2.如权利要求1所述的球磨机定位停车控制系统，其特征是，所述控制键盘包括启动按钮、停止按钮、进料口位置按钮、出料口位置按钮和检修位置按钮。2. The positioning and parking control system of the ball mill according to claim 1, wherein the control keyboard includes a start button, a stop button, a button for the position of the feed port, a button for the position of the discharge port and a button for the inspection position.

3.如权利要求1所述的球磨机定位停车控制系统，其特征是，所述球磨机0点位置检测装置包括设置在球磨机进料口正上方的0点位置感应点及其0点位置感应器；所述球磨机位置检测装置包括设置在球磨机圆周方向均与分布的若干个圆周位置感应点，及其相配合的圆周位置感应器。3. The positioning and parking control system of the ball mill according to claim 1, wherein the ball mill 0 o'clock position detection device comprises a 0 o'clock position sensing point and a 0 o'clock position sensor arranged directly above the feed port of the ball mill; The ball mill position detection device includes several circumferential position sensing points arranged and distributed in the circumferential direction of the ball mill, and a matching circumferential position sensor.

4.如权利要求1所述的球磨机定位停车控制系统的控制方法，其特征是，它的步骤为：4. the control method of ball mill positioning parking control system as claimed in claim 1, is characterized in that, its steps are:

步骤1，系统初始化，测量球磨机转速和运行时间；Step 1, system initialization, measuring the speed and running time of the ball mill;

步骤3，发出停车命令时，电动机并不马上停止，而是将停车命令发给单片机，单片机根据当前转速计算得出自由停车后的角位移量，并根据当前位置，判定当磨机在何位置时关闭电动机使得磨机停止之后转到指定位置，从而实现磨机停车位置的准确控制。Step 3, when the stop command is issued, the motor does not stop immediately, but sends the stop command to the single-chip microcomputer, and the single-chip microcomputer calculates the angular displacement after free parking according to the current speed, and judges where the mill is based on the current position When the motor is turned off at any time, the mill stops and turns to the designated position, so as to realize the accurate control of the mill parking position.

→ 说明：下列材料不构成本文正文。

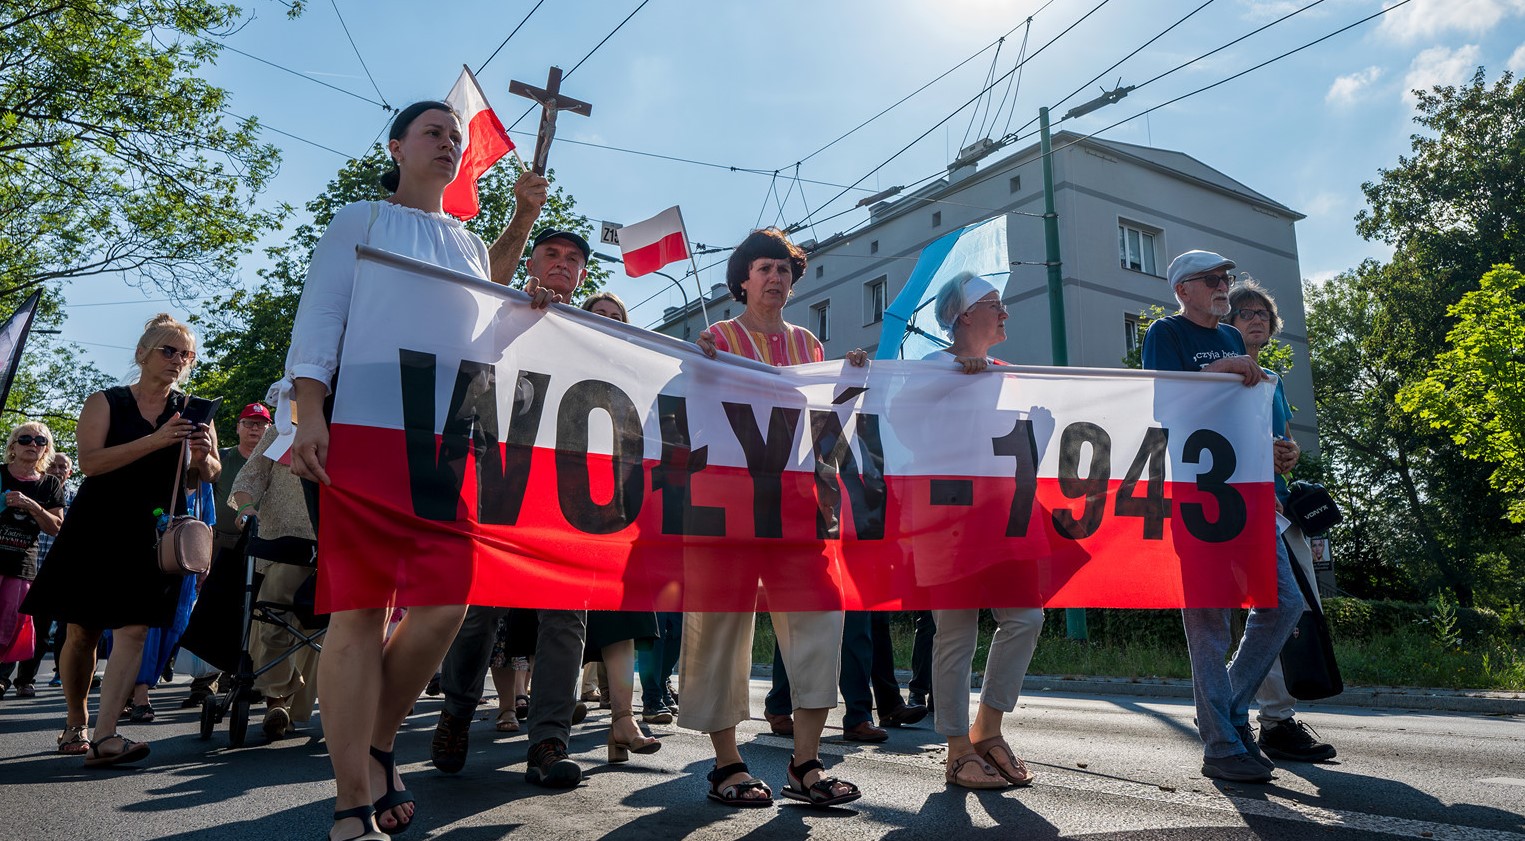 Polska nie pozwoli Ukrainie przystąpić do UE, dopóki nie zostanie rozwiązana kwestia masakry podczas II wojny światowej – powiedział wicepremier.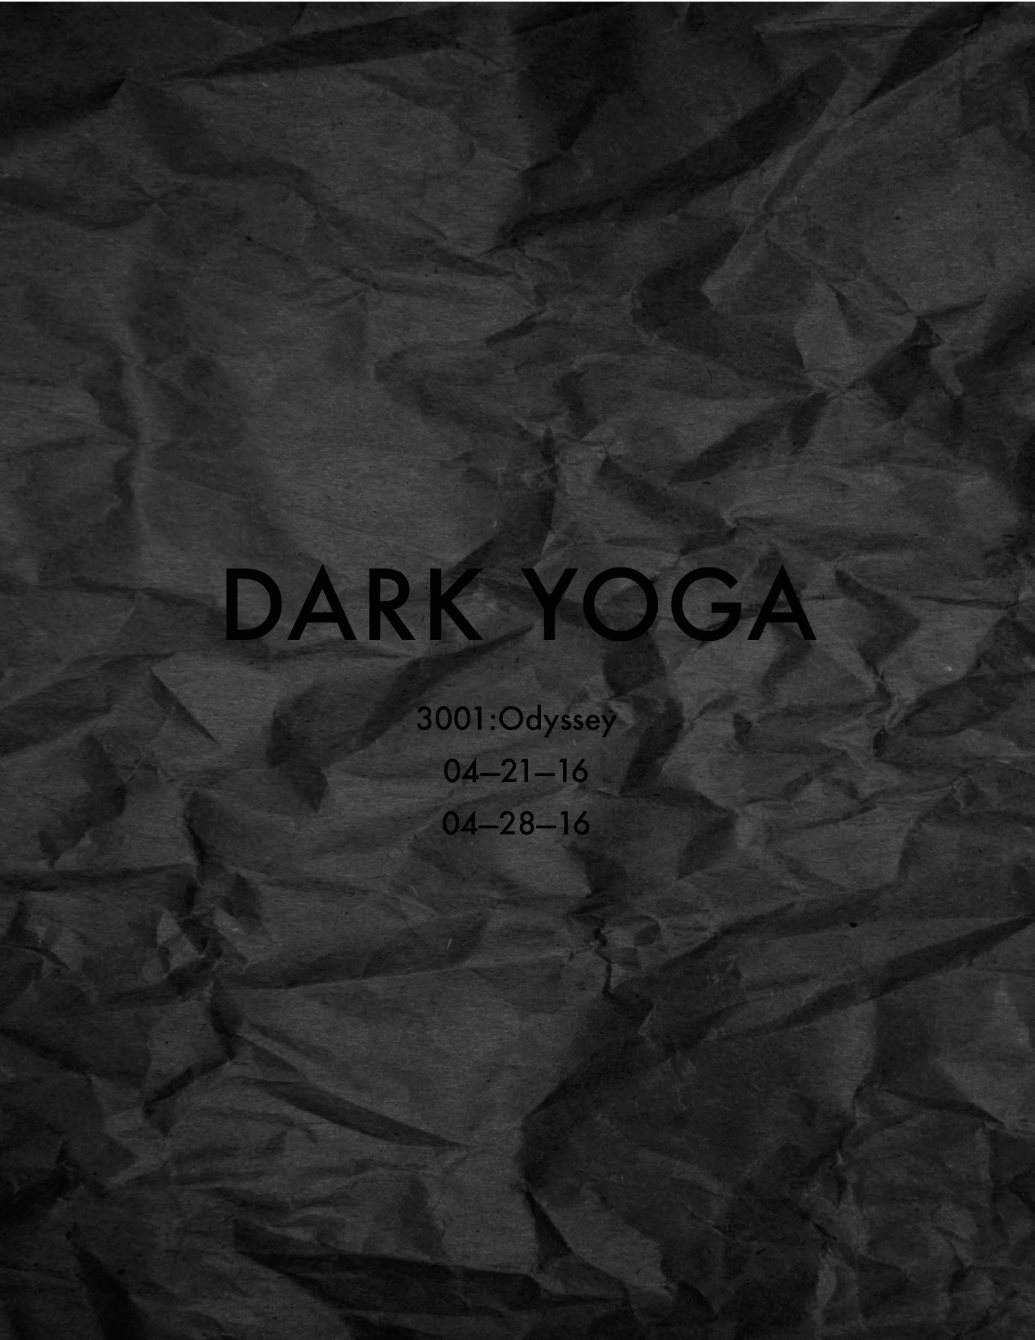 Dark Yoga - フライヤー表

5.如权利要求4所述的球磨机定位停车控制系统的控制方法，其特征是，所述步骤2中，预测过程为：利用公式5. the control method of ball mill positioning parking control system as claimed in claim 4, is characterized in that, in described step 2, predicting process is: utilize formula

θ θ = = \frac{{n no}_{s the s}^{22} - - {n no}^{22}}{- - 22 ϵ ϵ}

预测磨机从开始停车的运动状态n_s到自由停车n＝0所经过的角位移量θ，根据角位移量θ得到磨机停车位置的准确控制；其中，ε为停车时加速度；Predict the angular displacement θ of the mill from the motion state n_s when it starts to stop to the free stop n=0, and accurately control the parking position of the mill according to the angular displacement θ; where ε is the acceleration during parking;

ϵ ϵ = = \frac{dn dn}{dt dt} = = \frac{- - [[{T T}_{L L}]]}{J J}

式中，n为电动机转速，t为转动时间，为系统的固有特性是由起动过程计算得到的值，机电传动系统的运动方程式：In the formula, n is the motor speed, t is the rotation time, is the intrinsic characteristic of the system is the value calculated from the starting process, the equation of motion of the electromechanical transmission system:

[[{T T}_{M m}]] - - [[{T T}_{L L}]] = = J J \frac{dn dn}{dt dt}

T_M——电动机产生的转矩；T_L——传动系统的负载转矩；J——传动系统的转动惯量；T_M - the torque generated by the motor; T_L - the load torque of the transmission system; J - the moment of inertia of the transmission system;

n——传动系统的转速；t——转动时间。n—rotational speed of transmission system; t—rotation time.